Letter #5 – Dig the Well Before You’re Thirsty

Your relationships outside the romantic are underrated.

Not only do your friends and social network matter to achieve a basic level of human happiness (they’re one place above health & security on Maslow’s Hierarchy of Needs), but they simply make life much easier.

Why?

If you have a problem, the question “who do I know that can help?” is more straightforward and effective than “how can I fix this myself?” You’ll fix the problem faster and better.

With that in mind, the relationships with people you respect and admire are a huge life asset. Structuring your life to create & nurture an abundance of them becomes imperative. You can turn to these relationships for support, advice & opportunity should you fall on difficult times.

I didn’t learn this until I was 35 when I realised I was an island. If I lost all my income and became destitute, I’d only have a few people that could offer a sympathetic shoulder to cry on. Worse, I had no one I trusted to give me reliable get-me-out-of-a-hole advice or opportunity.

Building a network full of valuable people you admire & respect is one of the highest return on investment activities you can do.

So how do you do it? Moreover, how do you do so in a way where people will gladly offer their time and help when you need it?

You do 2 things:

1) Take it seriously: if you think it’s important to do (and you should), have it become part of your self definition. It’s just who you are now. Your new innter narrative is “I am a person who values their relationships & invests in them constantly”.

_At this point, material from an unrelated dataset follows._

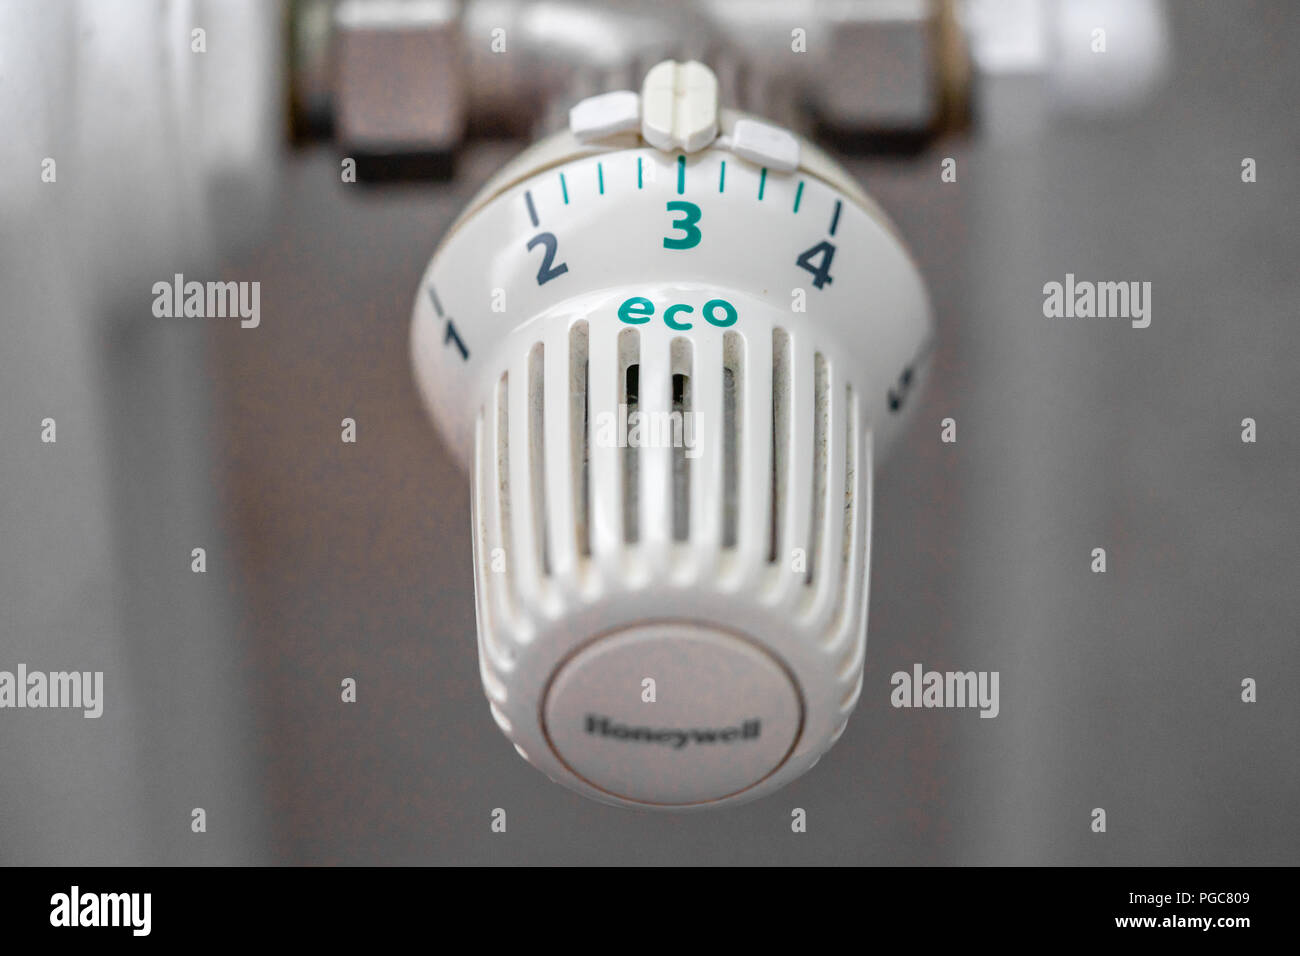 Valvola del termostato del radiatore il selettore della temperatura impostata su energia verde efficiente impostazione eco Foto Stock

Practically, you should consider developing a CRM (customer relationship management) tool that can remind you to contact people in your network at a predefined frequency.

2) Relentlessly add value: there’s a good book called “The Go Giver”. The big takeaway is you must indiscriminately offer value to people without agenda. When you do this, the Universe will start throwing luck & opportunity your way. A great habit to get into is to ask people in your network the question, “How can I help you at the moment?”

The sooner you do this, the sooner your life will improve.

And the time to ask someone for help is not when you haven’t spoken to them in 8 years. Check in with people consistently, care about them, and nurture your relationships. Dig the well before you’re thirsty.